The data —
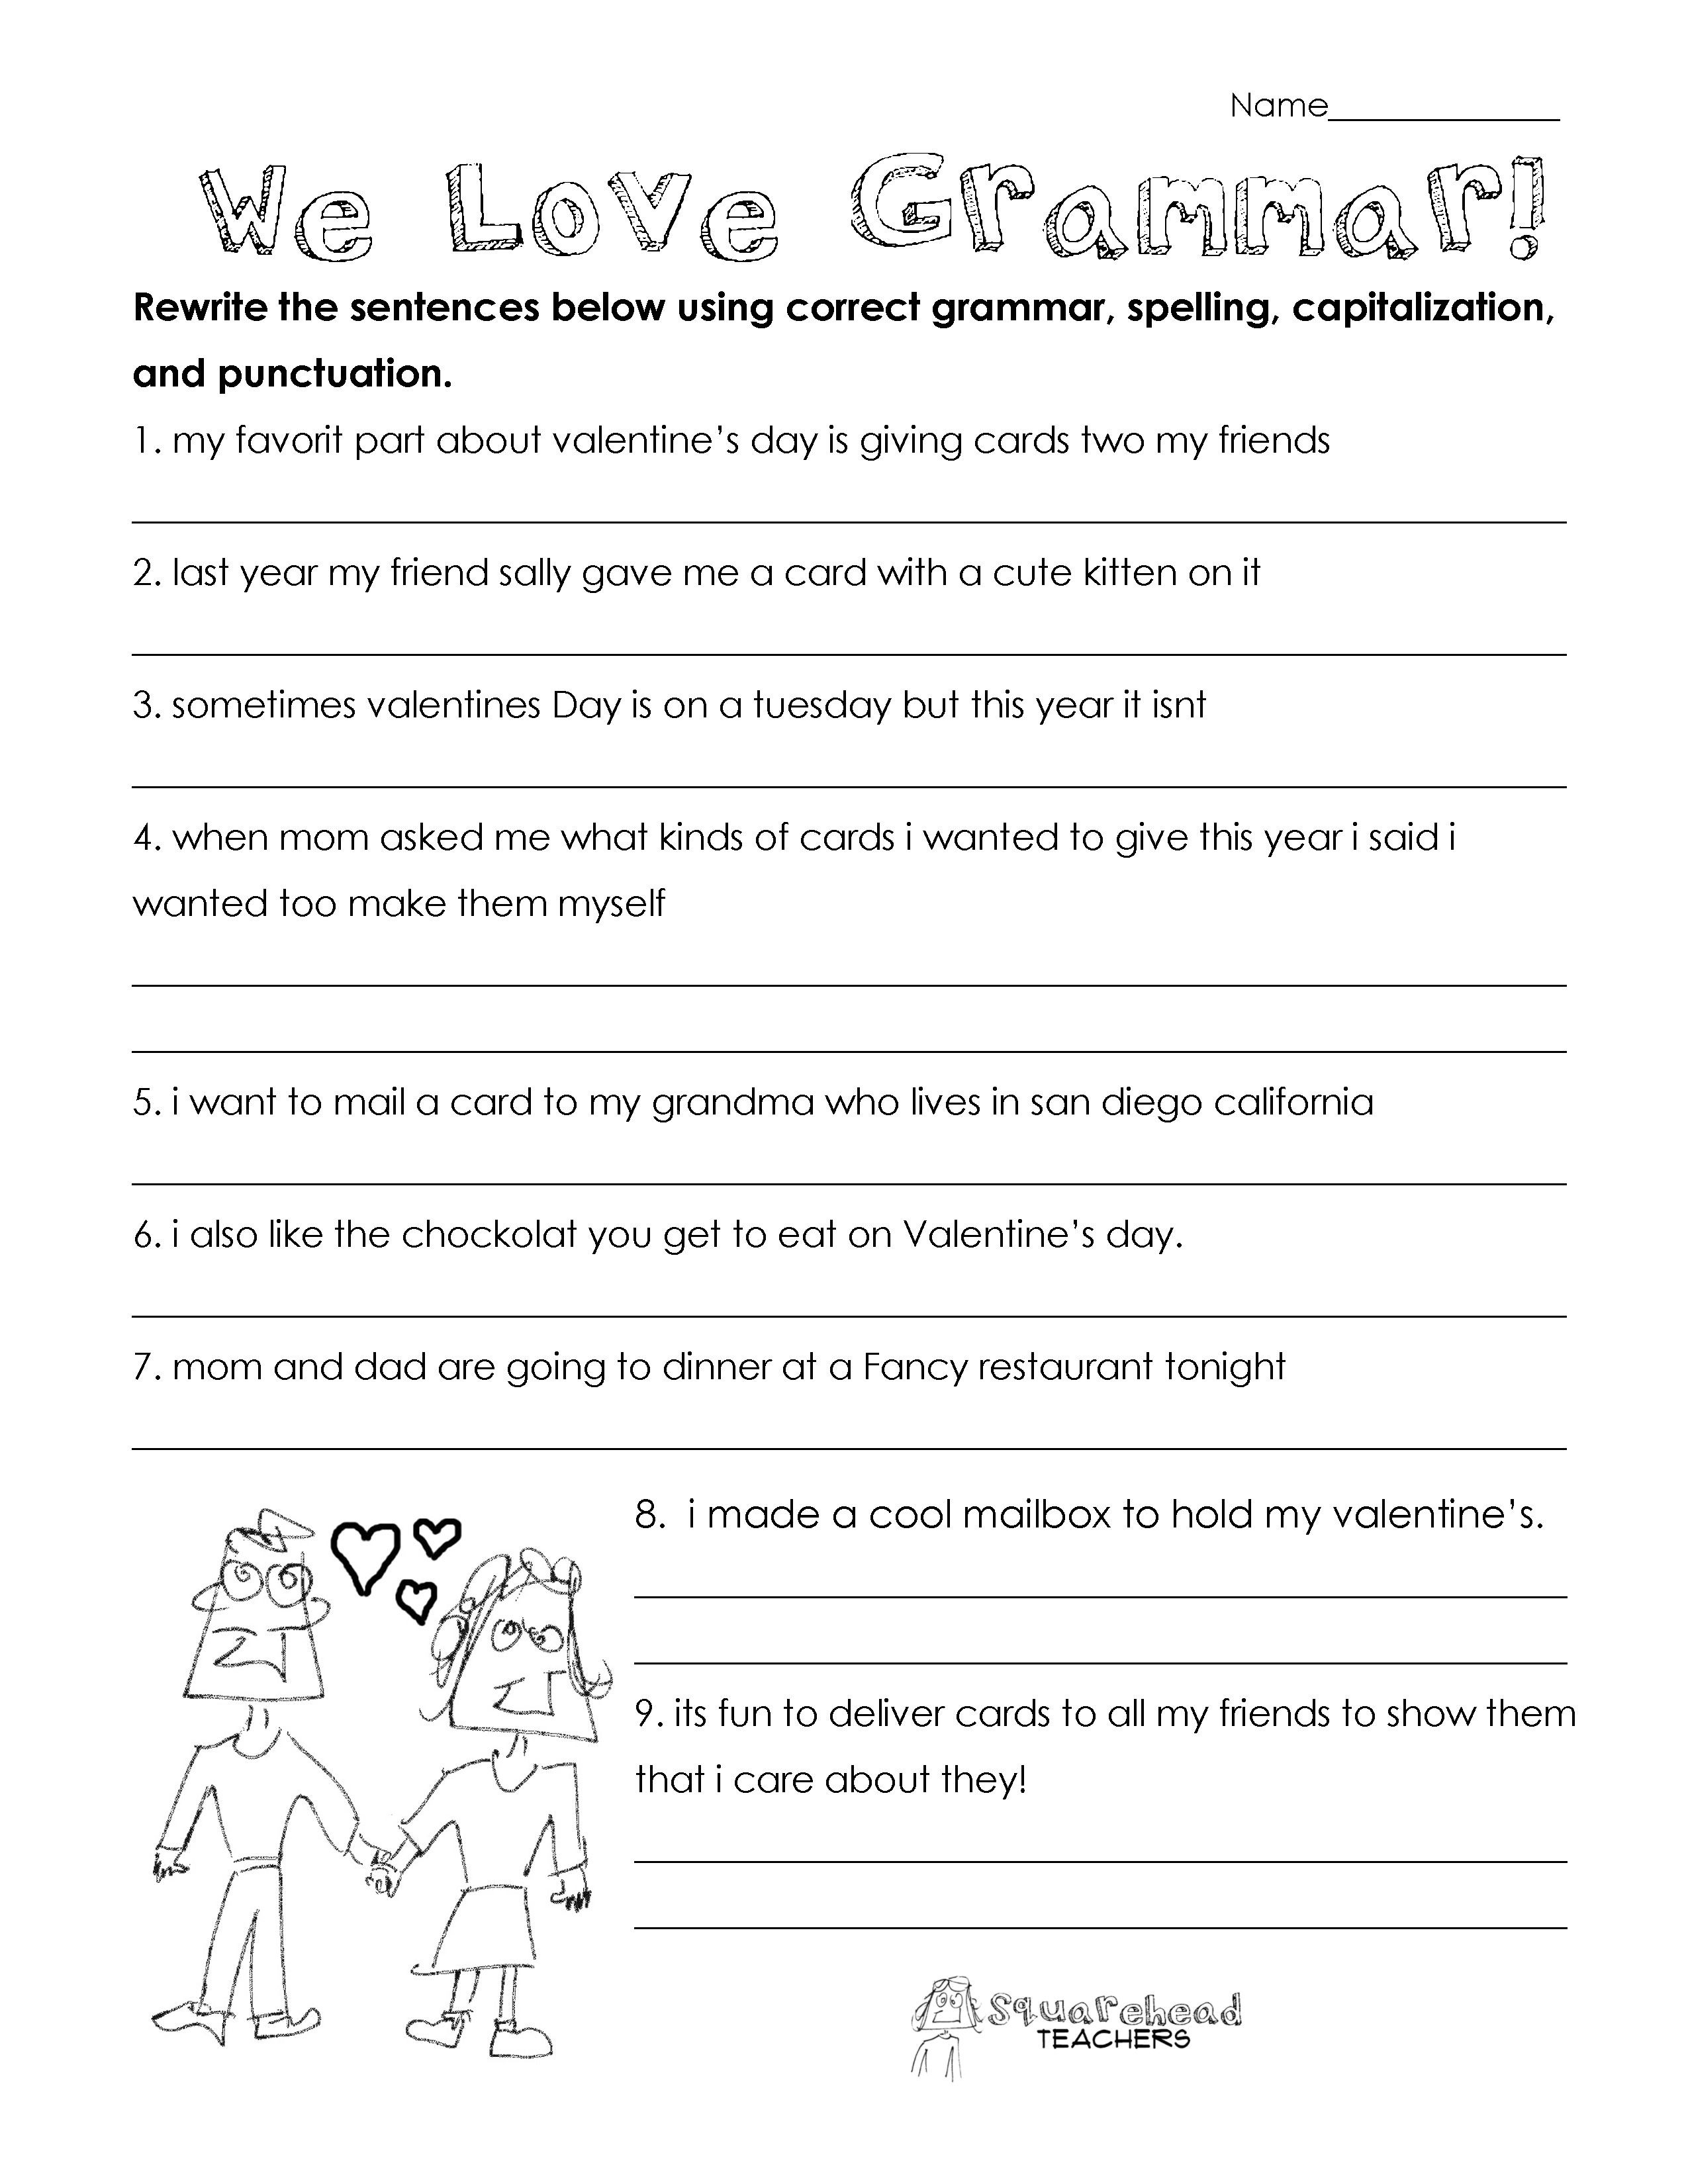 Grammar 3rd Grade Worksheets Valentine S Day Grammar Free Worksheet for 3rd Grade and Up
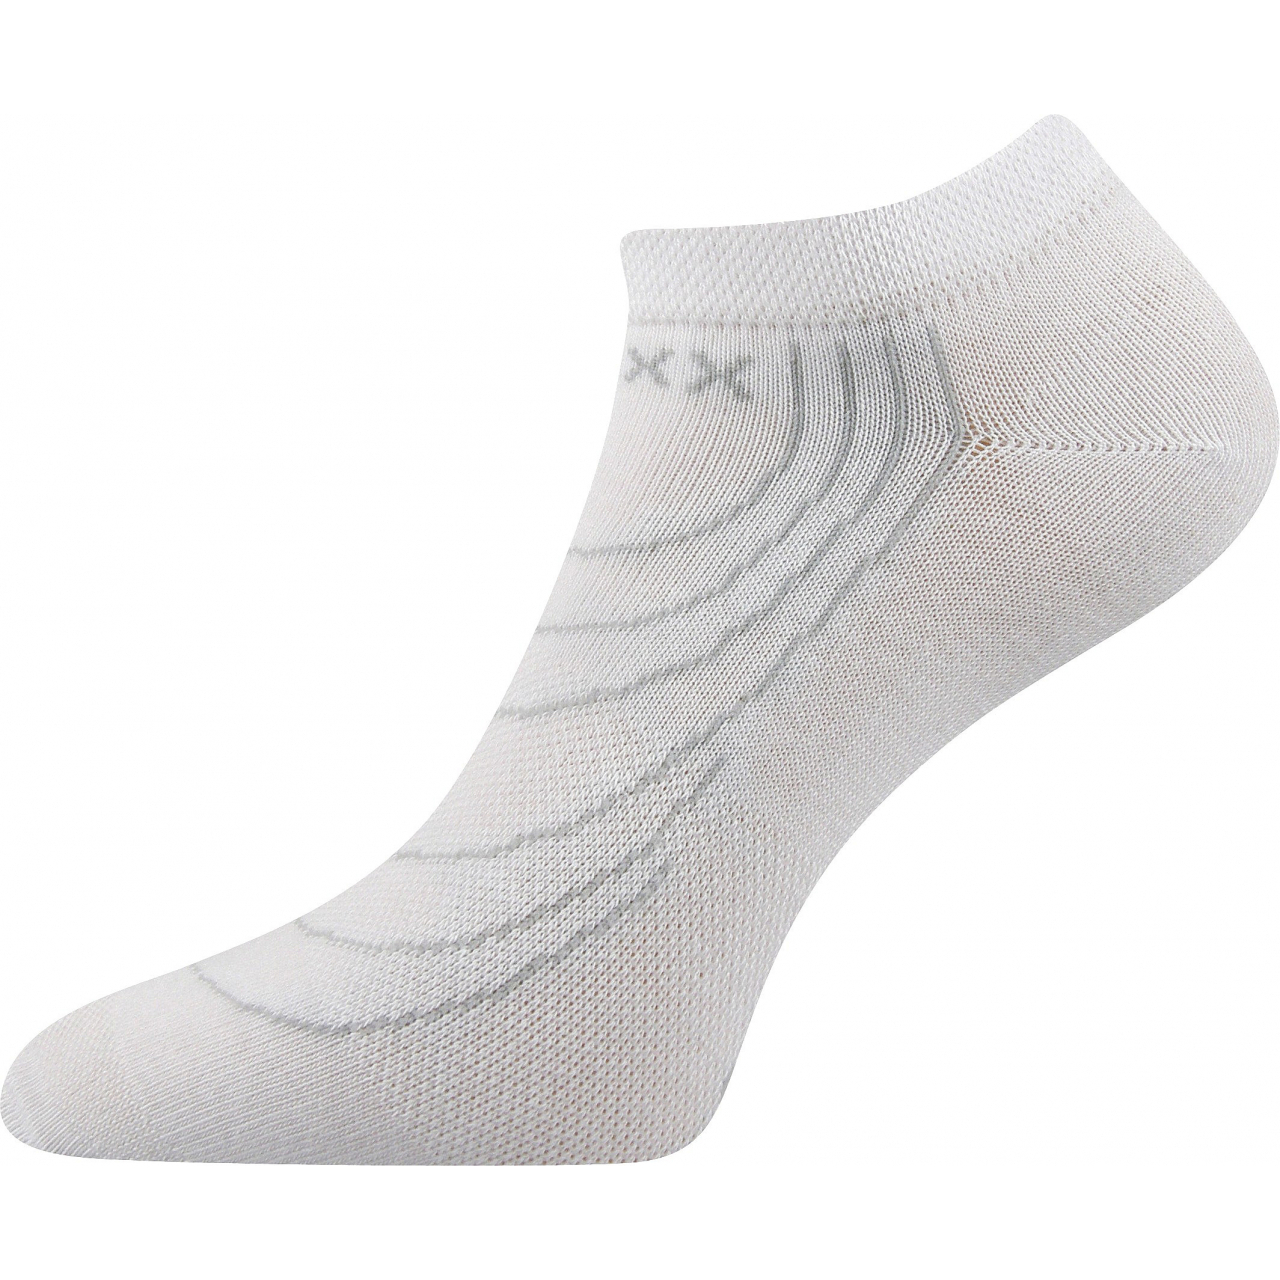 Ponožky nízké Voxx Rex - bílé, 43-46
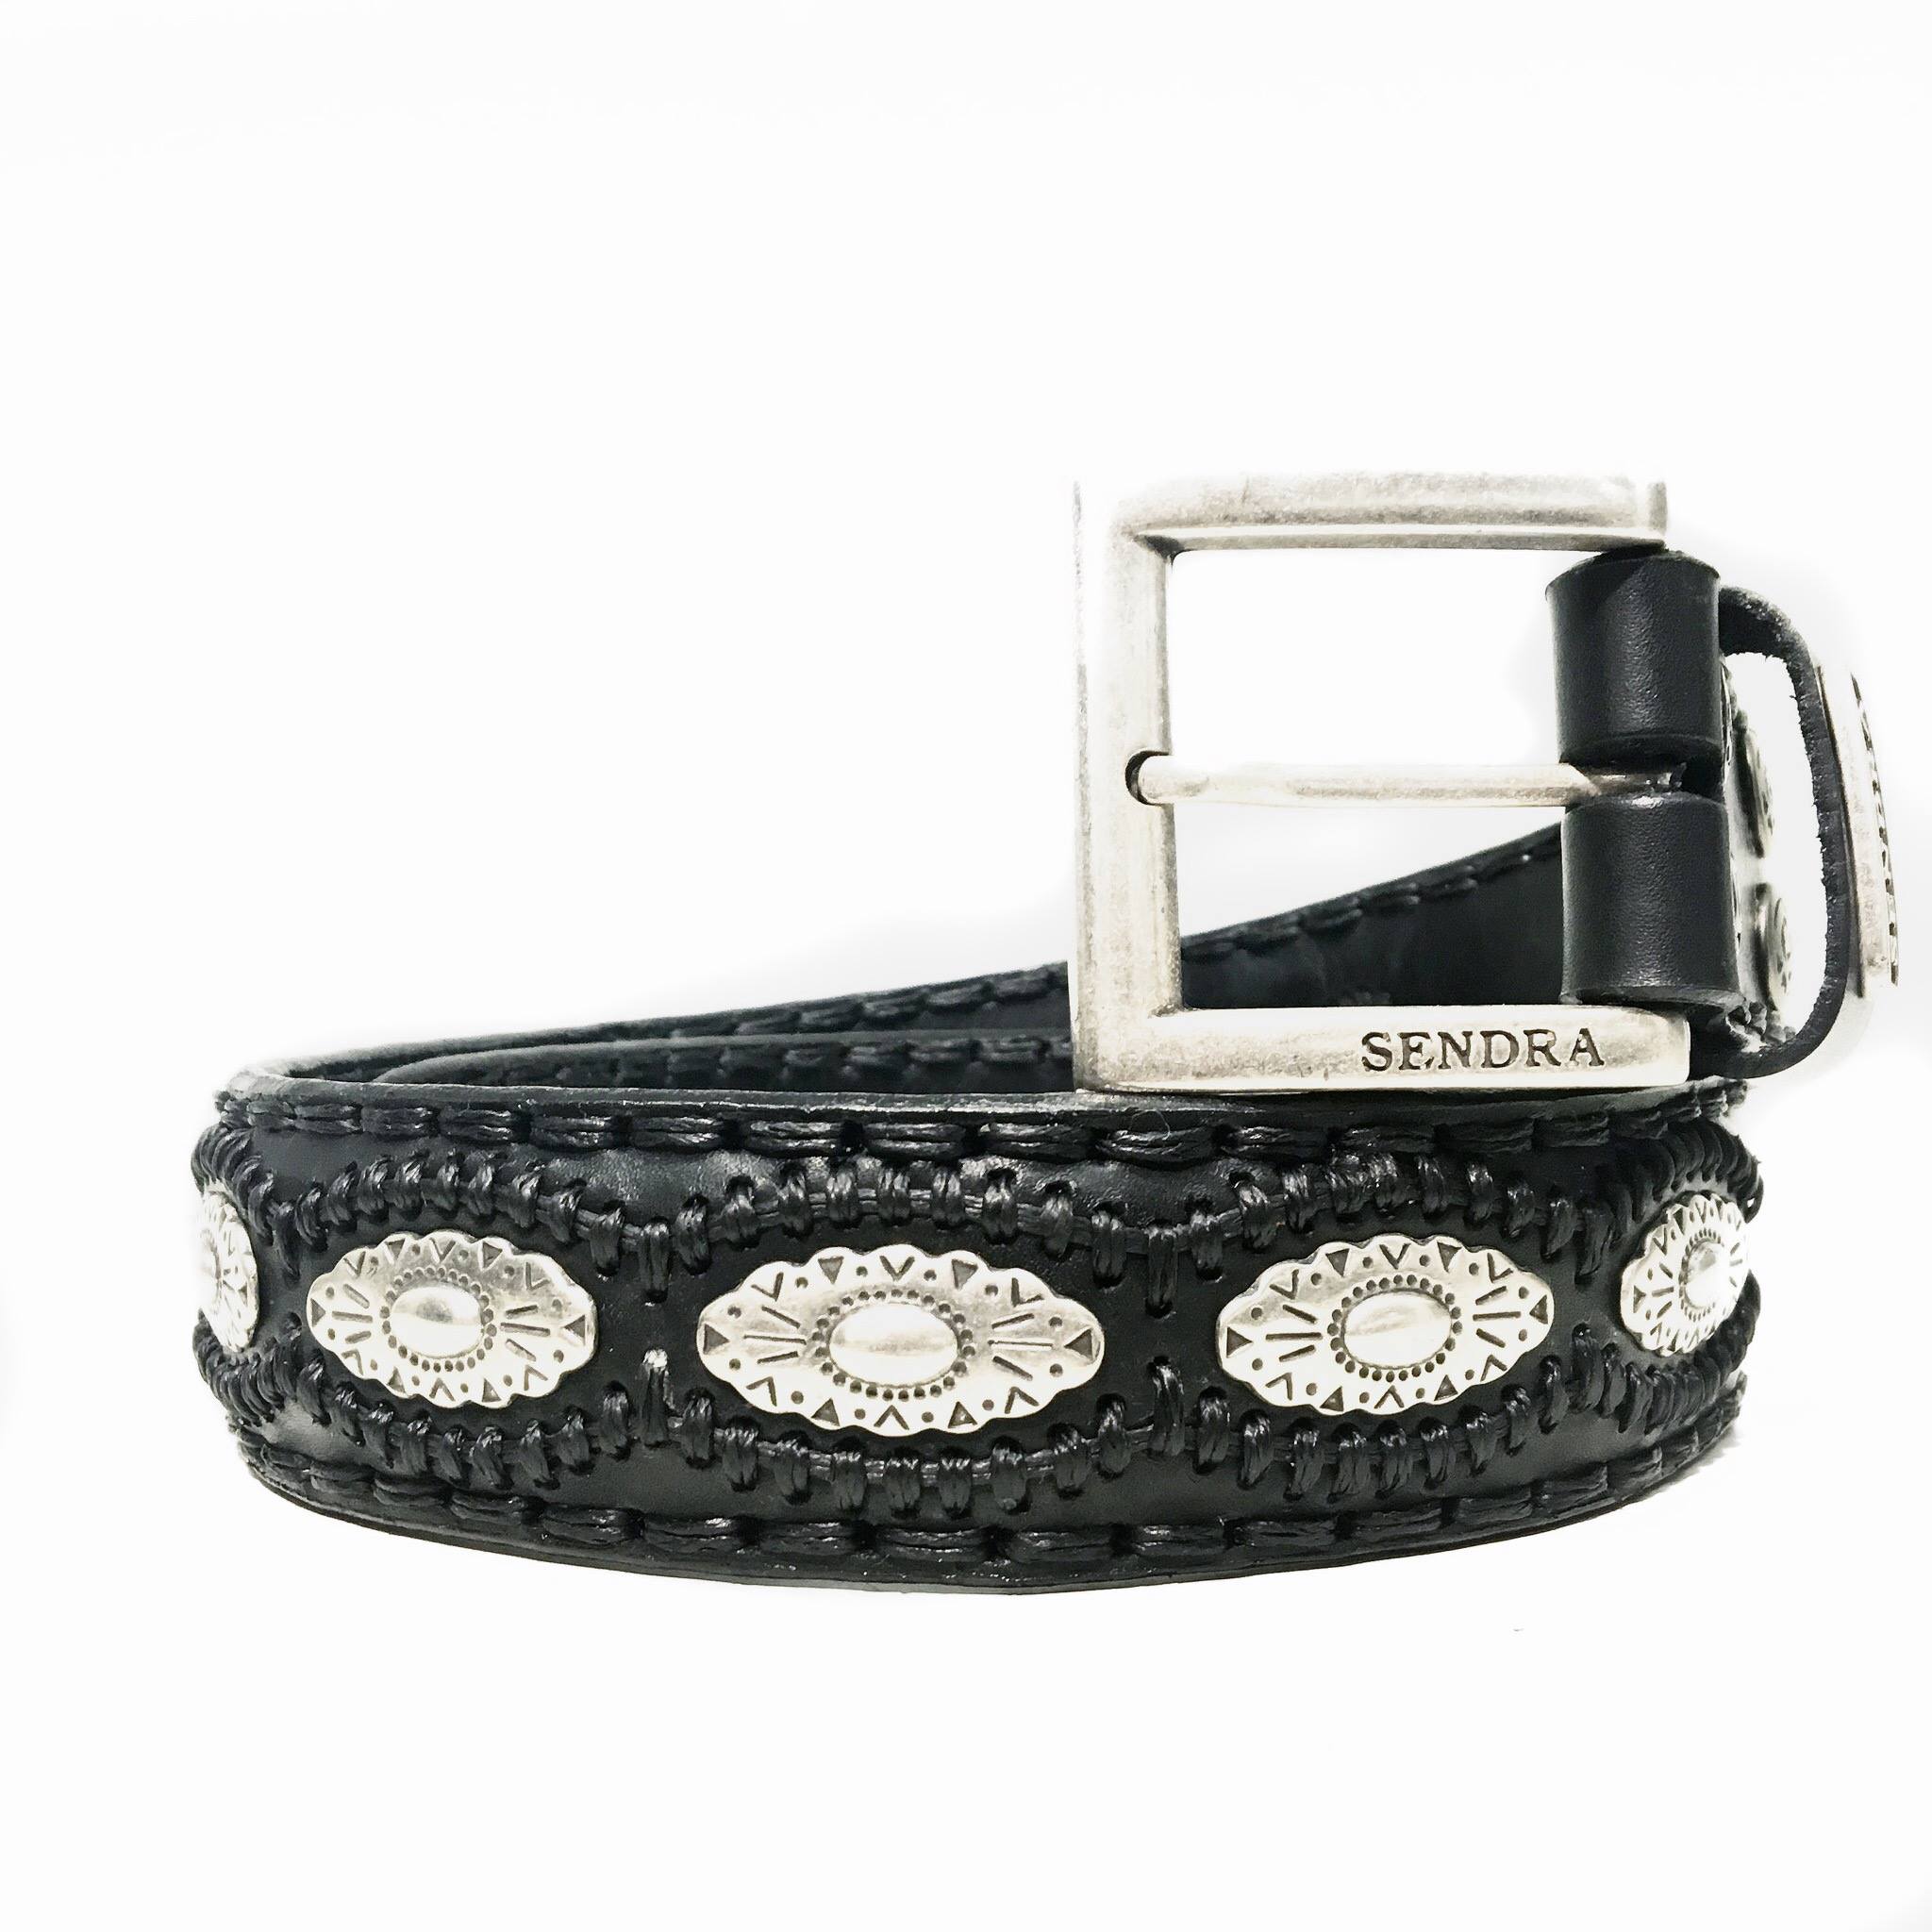 Sendra belt - 7606 zwart/zwart zilver

Action item — Everything in the listing must be copied exactly except the pictures.

Response to this task —
 Grammar 3rd Grade Worksheets Valentine S Day Grammar Free Worksheet for 3rd Grade and Up
 Ponožky nízké Voxx Rex - bílé, 43-46
 Sendra belt - 7606 zwart/zwart zilver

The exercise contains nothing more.